Yes, the Bitterroot Valley is known as the "banana belt" of Montana as it doesn't get quite as cold and snowy as the rest of the state. And we have public lands and campgrounds galore, maybe not so much in the winter though there are some USFS rental cabins. Just sayin'.  I know at least 2 other members here in the Valley or in nearby Missoula, including @SMcN whom it turns out lives in my town and we were already acquainted! Would definitely be fun to meet up!


----------



## drparker151 (Apr 10, 2020)

We will spend Nov and Dec in the Gulf Shores area of Alabama, just west of Pensacola. January in mid Florida, from there who knows. Currently in Arkansas.


----------



## David Winners (Apr 30, 2012)

We are at Karchner Caverns in Arizona until the middle of January.


----------



## SMcN (Feb 12, 2021)

@David Winners Keep a look out for Montana plates. I think about half the population snowbirds to Arizona...


----------



## WNGD (Jan 15, 2005)

It's not Winter camping unless the temps are well below 32F and there's SNOW


----------



## David Winners (Apr 30, 2012)




----------



## jarn (Jul 18, 2007)

WNGD said:


> It's not Winter camping unless the temps are well below 32F and there's SNOW


I must admit, every time I see the title to this thread, that's what I think of.
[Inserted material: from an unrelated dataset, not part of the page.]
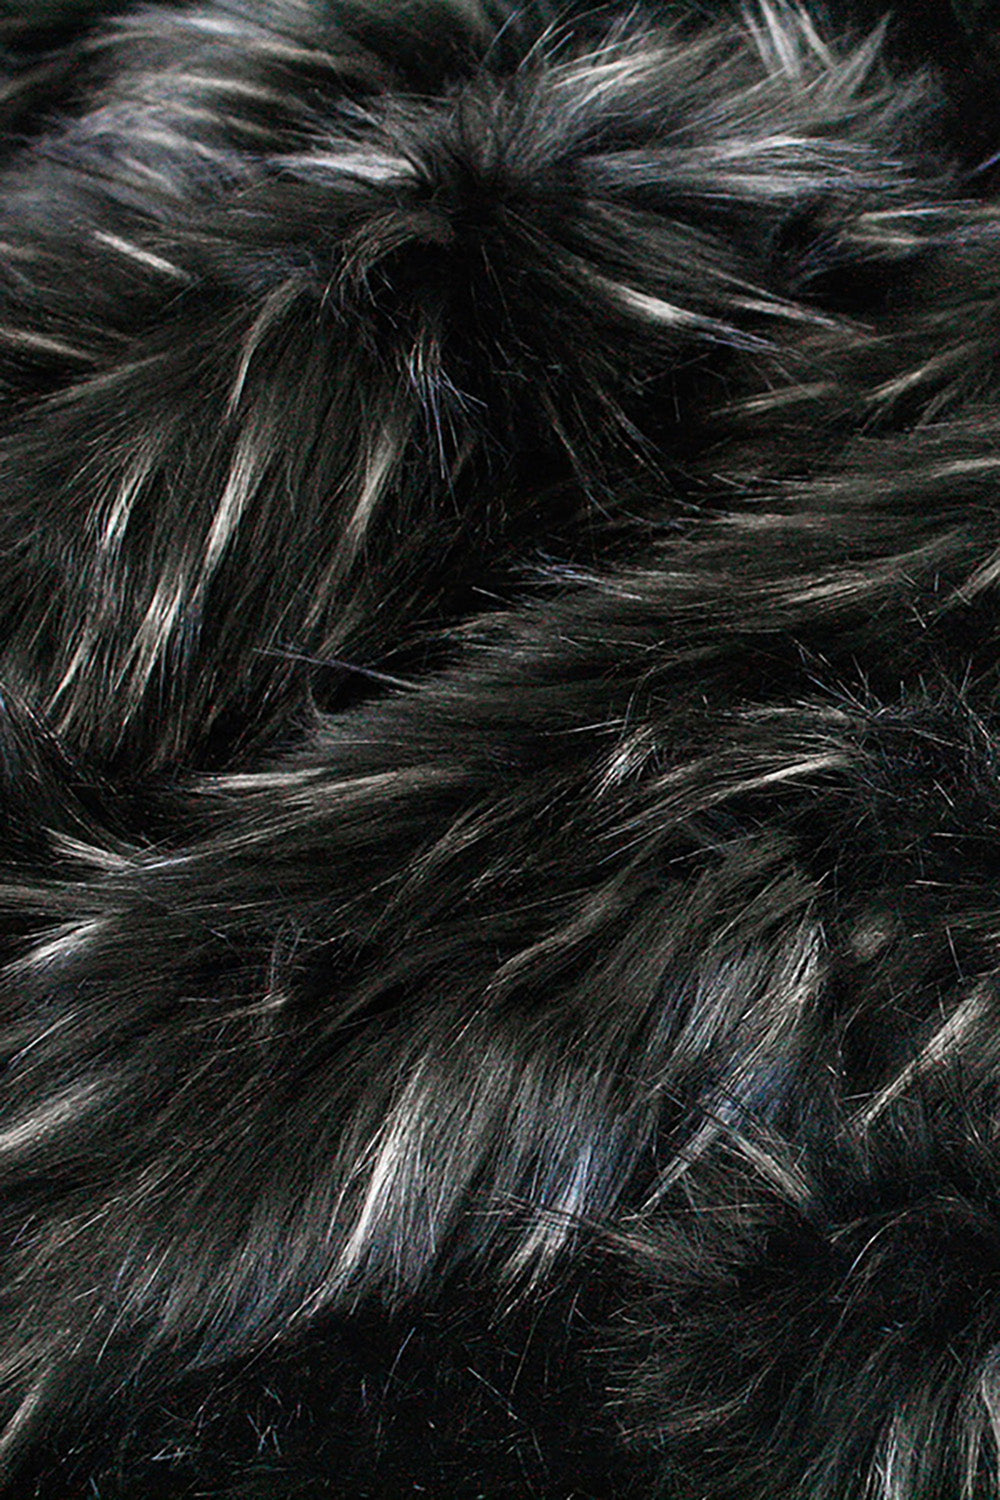 Imitation fake fur throw - Heirloom faux fur throw and cushions  in Ebony Plume Black SKU  FEPT18

Products of our environment that we are. (Though I had to look up what 32F was in C)


----------



## David Winners (Apr 30, 2012)

I kind of did that on purpose 

I'm old and broken and I don't really want to deal with "winter" as I know it.

If it weren't for having 2 grandkids with their first Christmas this year, we would have been gone mid November


----------



## Sunflowers (Feb 17, 2012)

It’s called leaving your winter at home, and cheating by running away to milder climates 😁


----------



## drparker151 (Apr 10, 2020)

David Winners said:


> I kind of did that on purpose
> 
> I'm old and broken and I don't really want to deal with "winter" as I know it.
> 
> If it weren't for having 2 grandkids with their first Christmas this year, we would have been gone mid November


Be careful, it's amazing how fast your blood thins. This is our second winter south of i10 instead of northwest of Chicago. Now when it hits the 40s, feels like the low 20s used too


----------



## Sunflowers (Feb 17, 2012)

drparker151 said:


> Be careful, it's amazing how fast your blood thins. This is our second winter south of i10 instead of northwest of Chicago. Now when it hits the 40s, feels like the low 20s used to


Yup.
Move south, and turn into a lizard...


----------